3.2. Interaction between sAA Level and LCGT Intake
Among the 20 initial participants, one abstained due to poor physical conditions. Nineteen participants drank SGT or LCGT every day from Saturday to Friday. During working days, the participants measured their own level of sAA every morning and evening—i.e., before work and after work, respectively—and, in the evening, recorded the volume consumed throughout the day. The mean levels of sAA in all participants were compared between the SGT and LCGT groups. The level of sAA after work was significantly lower when participants consumed LCGT than when they consumed SGT (Figure 2a, p = 0.043). Similarly, the level of sAA before work tended to be lower in the LCGT group than in the SGT group (p = 0.109).

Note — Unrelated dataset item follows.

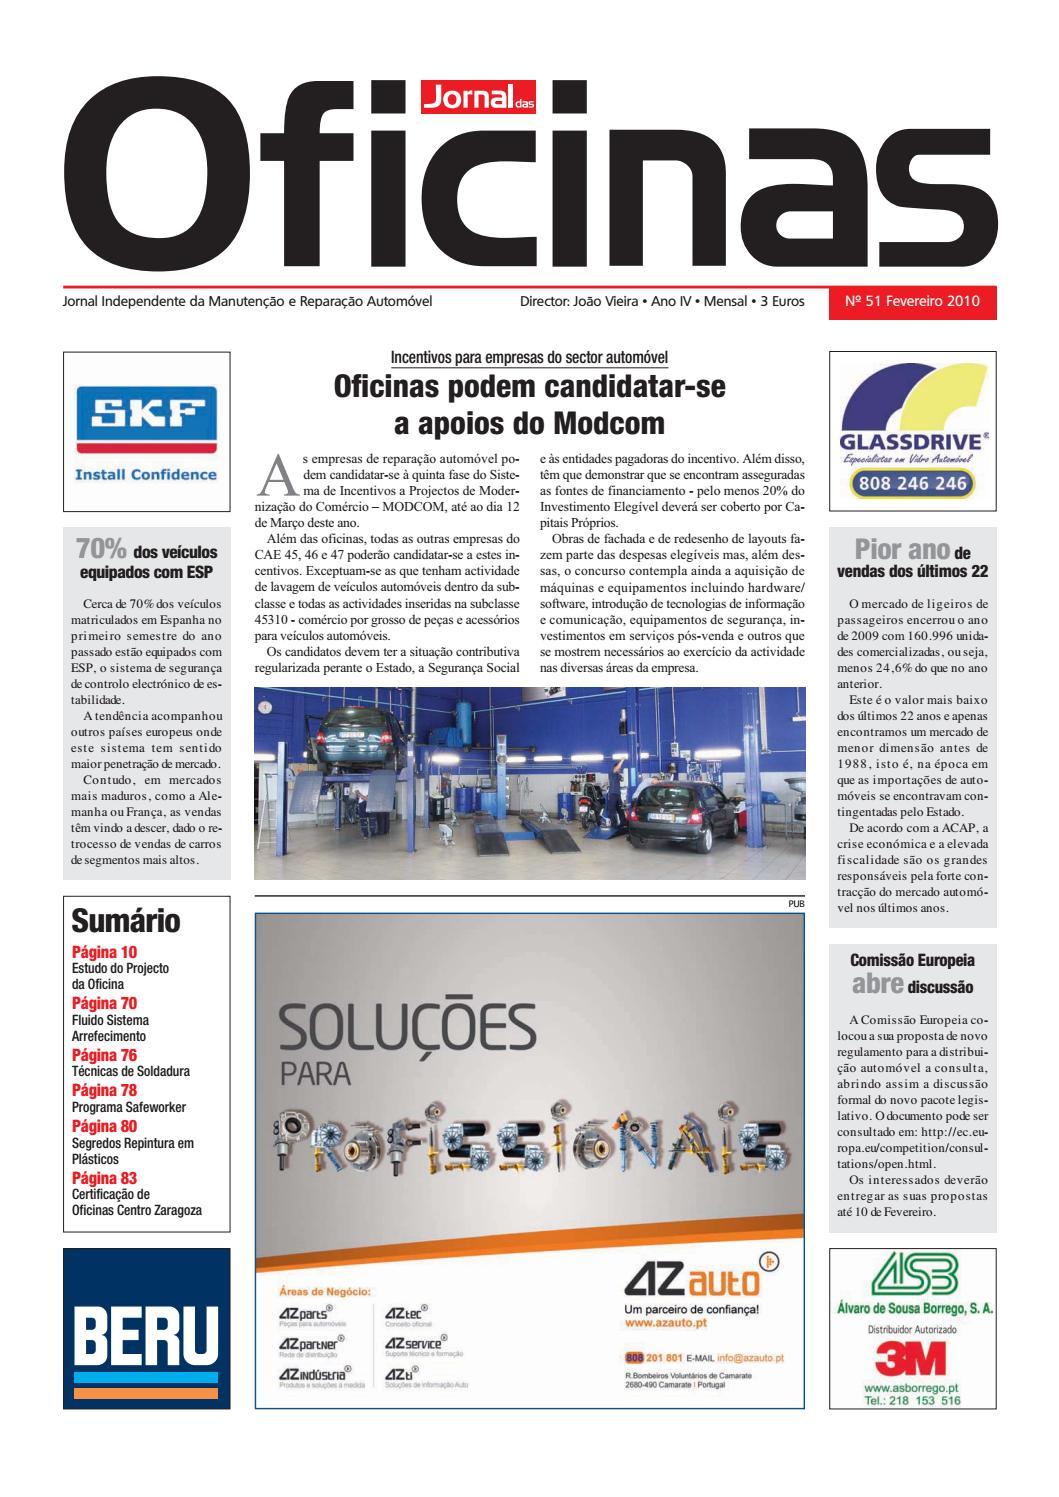 664b593f6 Jo051lr by Jornal das Oficinas - issuu

The mean volumes consumed by each participant were 929 ± 31 mL of SGT and 927 ± 34 mL LCGT. LCGT intake was closely correlated with SGT intake in each participant (Figure 2b, p < 0.001). Then, the interaction between sAA level and ingestion volume was examined. Ingestion volume was negatively and significantly correlated with the level of sAA after work (Figure 2c, SGT, p = 0.028; LCGT, p = 0.044). The correlation between ingestion volume and the levels of sAA before work was low (Figure 2c, SGT, p = 0.214; LCGT, p = 0.093).
Although there were individual differences in the levels of sAA, participants with higher sAA before work showed higher sAA after work in both SGT and LCGT groups (Figure 3a, SGT p = 0.002, LCGT p < 0.001). There was no significant difference in the slope of the approximate line (SGT 0.935, LCGT 0.897). Then, the effect of SGT and LCGT intake was compared on the level of sAA in each participant. The levels of sAA became low in each participant by changing from SGT to LCGT (Figure 3b, the slope of the approximate line; sAA before work 0.640, sAA after work 0.710).
3.3. Effect of SGT and LCGT Ingestion on Sleep Parameters
Sleep data of the participants was obtained using a 1ch EEG system. Since there was no difference in sleep time of each participant in the period of EEG measurements, data from the second day was used for the analysis. The data of sleep parameters when each participant drank SGT or LCGT are shown in Table 2. Mean values of SL, REM SL, SPT, TST, REM, N1, N2+N3, WASO, AVR SLC, SE, and 1st δ did not differ significantly between SGT and LCGT. However, the time of B2 WASO tended to be shorter when participants ingested LCGT than SGT (Table 2 and Figure 4a, p = 0.065). The level of sAA before work was closely correlated with SPT and TST in participants that ingested SGT (Table 2 and Figure 4b, p = 0.046 and 0.036, respectively). There was no correlation between TST and SGT intake (Figure 4c). The level of N2+N3 tended to be negatively correlated with sAA before work in the LCGT group (Figure 4d, p = 0.080). A positive correlation was observed between intake volumes of LCGT and the level of N2+N3 (Figure 4e, p = 0.045). There was no significant relationship between sAA after work and sleep parameters (Table 2).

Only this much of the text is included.